A Solemn Mockery

A Solemn Mockery

  • Author: Dr Jonathan Hicks
  • Publisher: Fielding Publishing
  • ISBN: 0-9551954-0-3
  • Price: 14.99

Review By : Dr Adrian Greaves

This new book, presumably based on Dr Hick’s PhD, is theoretically fertile ground for research. My first impression was that Dr Hicks was playing a joke on his readers, it is a not-so-solemn mockery of other authors and historians, who Hicks dismisses as commentators. Some are highly respected academics, who have far more deeply researched the subject matter than Hicks, yet Hicks short shrifts their well-argued and meticulously researched findings, often without any explanation – I presume he left the research in his PhD? Hicks’ book misleads the reader by his use of unjustified or inaccurate pronouncements.

His challenge of known primary sources, coupled with his lack of alternative explanations or new research, renders the book useless to anyone wishing to learn about the conflict in Zululand. It is very much a ‘fire and forget’ work and I quote a small selection of examples that hit me between the eyes with regard to some of my own work of the last 20 years.

1. p7 quote 6. "Only Saul David has touched on suggesting that this action (Melvill and Coghill’s flight from the battlefield) was not as laudable as previously portrayed". To say the least, this quote is grossly untrue. It is easy to offer a wide variety of well established historians and researchers who have deeply researched this aspect. In my case, Hicks has ignored my article in Journal 2 (AZWHS), which was expanded on in my Isandlwana and Redcoats and Zulus. Hicks provides an excellent bibliography but his quote unwittingly suggests that, maybe, Saul David's is the only book he researched?
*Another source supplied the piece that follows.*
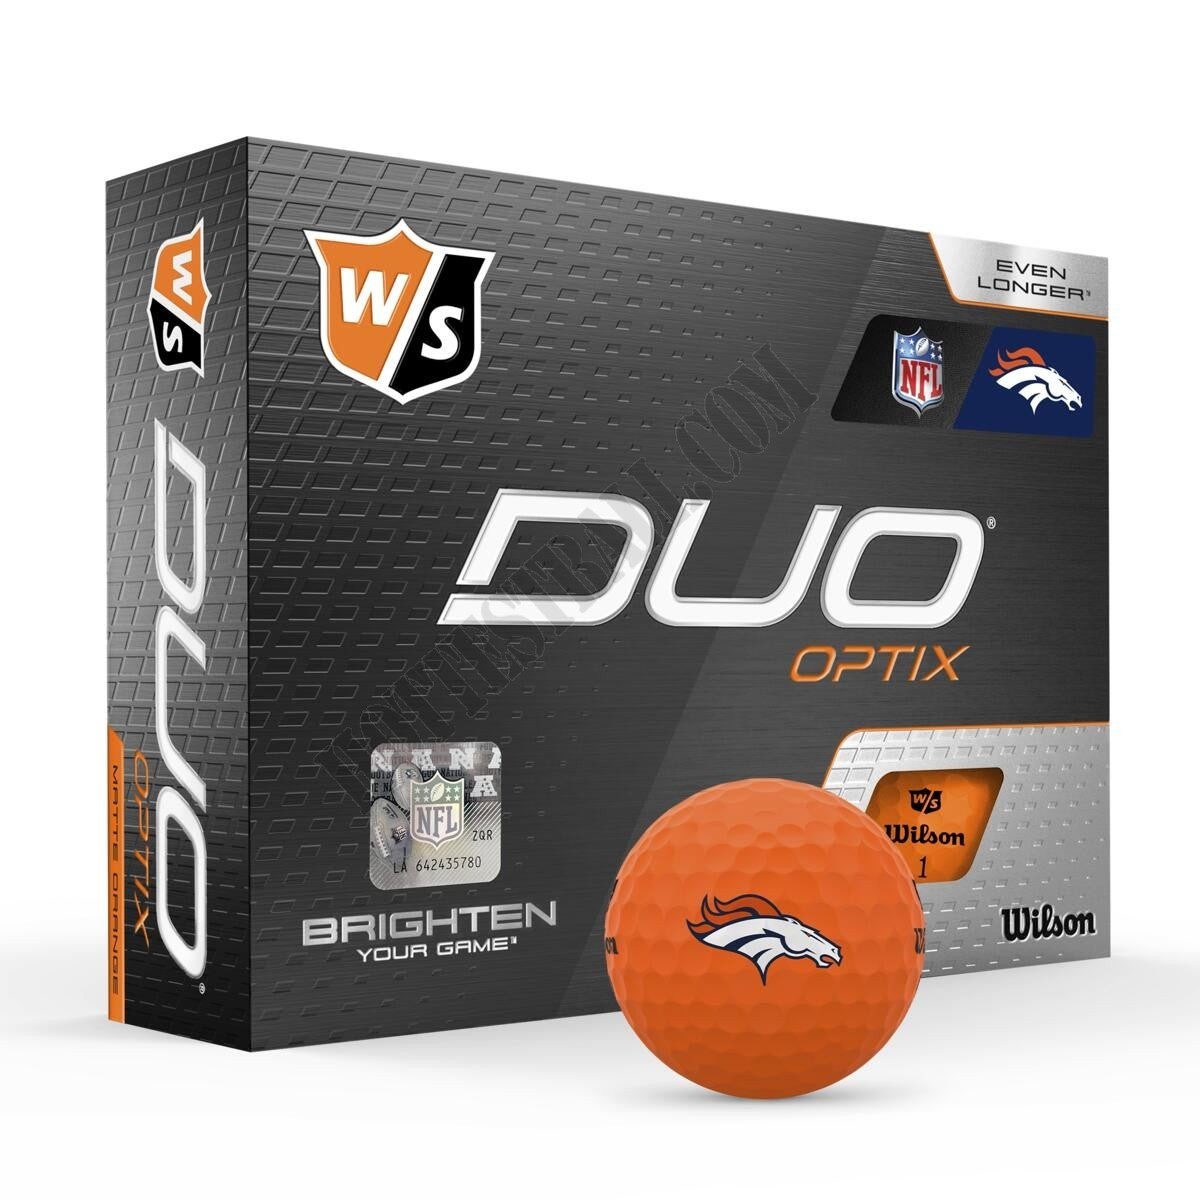 Duo Optix NFL Golf Balls - Denver Broncos ● Wilson Promotions - Duo Optix NFL Golf Balls - Denver Broncos ● Wilson Promotions

 2. On p 79. Hicks states of Lieutenants Coghill and Melvill….."both men gave up after a brief swim to the riverbank". Brief swim? Has he never been to the battlefields and seen this mighty river, or the steepness of the Natal riverbank? If not, he could have read the Guidebook to the Zulu War or my Redcoats and Zulus. On the day in question the river was in full flood and could be heard a mile away. Even on a still day (which it wasn’t) with the river low (it was raging having burst its banks) the swim across Fugitives’ Drift is treacherous.
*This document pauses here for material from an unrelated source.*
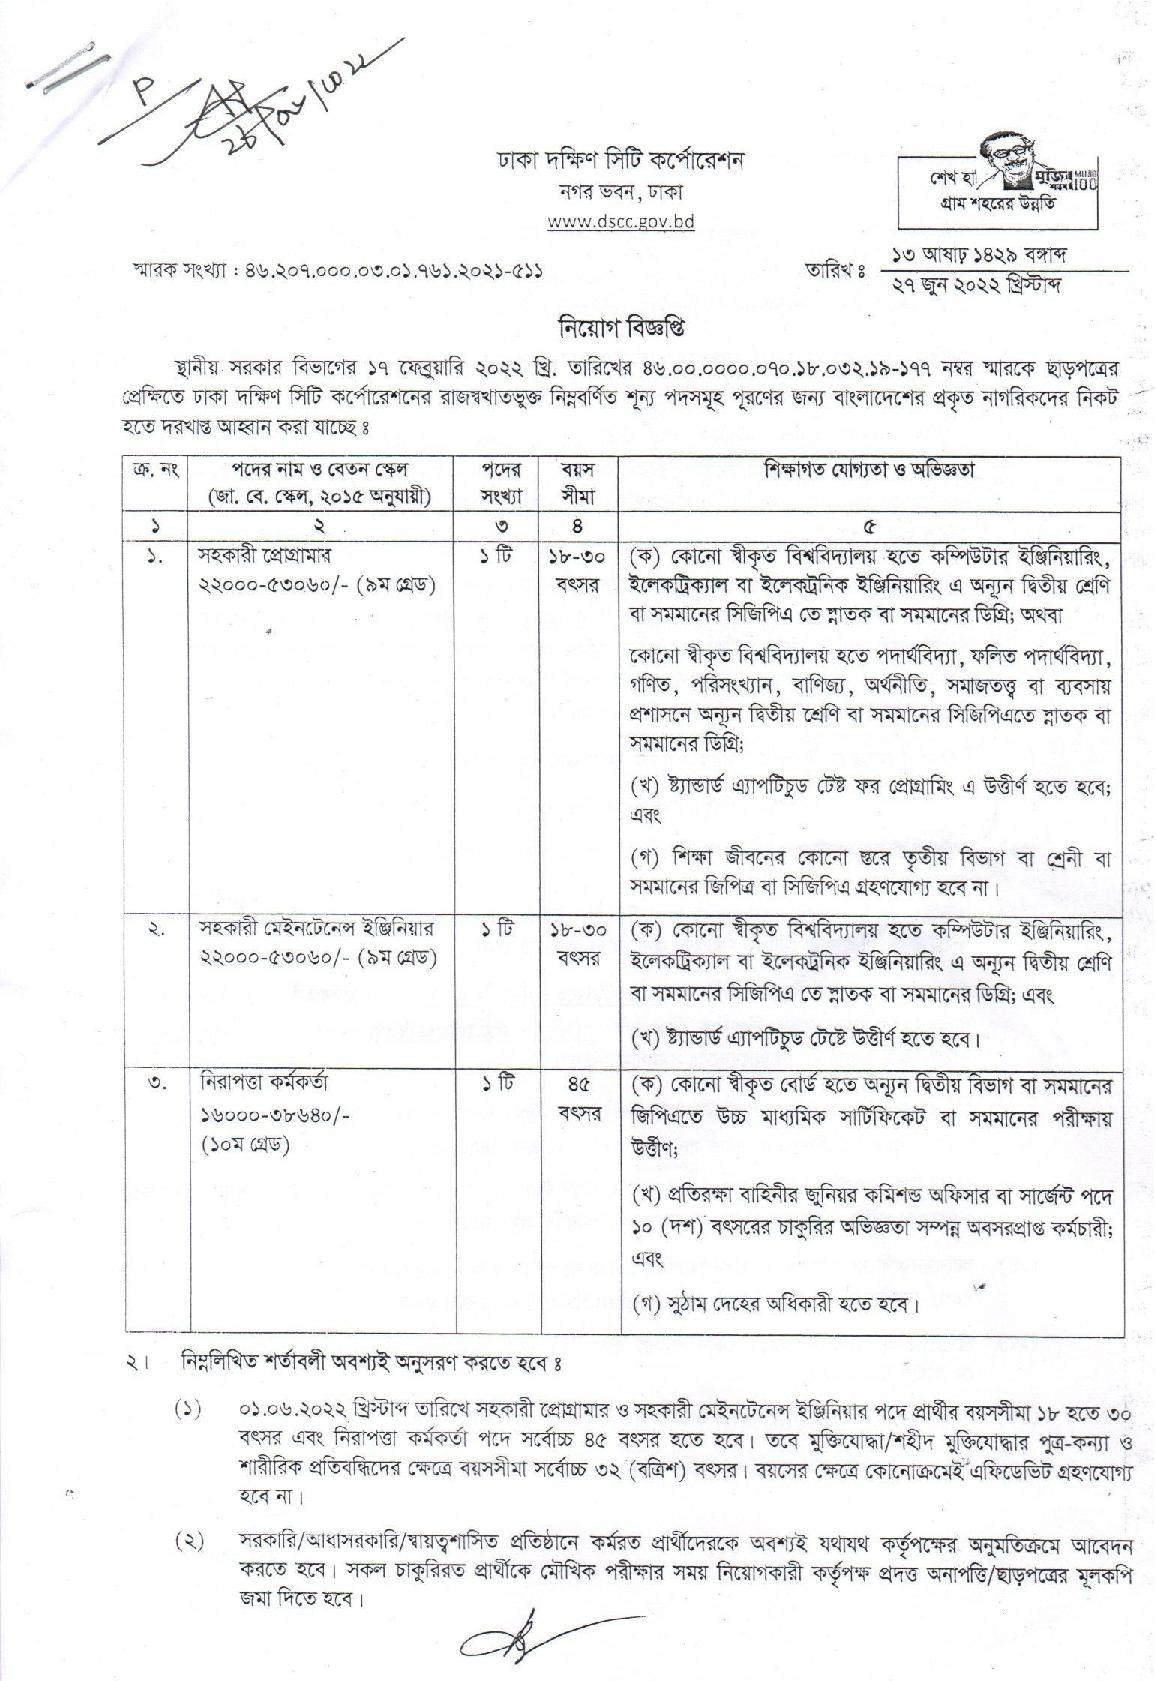 Dhaka South City Corporation Job Circular 2022

3. Hick’s footnotes 54 and 55 relate to the defence of the Isandlwana camp and consist of selected parts of my book The Curling Letters. Hicks uses them selectively to denigrate Curling’s eye witness account written within hours of his escape, alongside my own research – all based on primary evidence of what survivors saw in the camp as it was being overrun. Hicks dismisses this with his unexplained pronouncement; "they were not packing the tents away until the final orders…..as has been suggested by one commentator".   OK then, why not tell us what the soldiers in camp were doing?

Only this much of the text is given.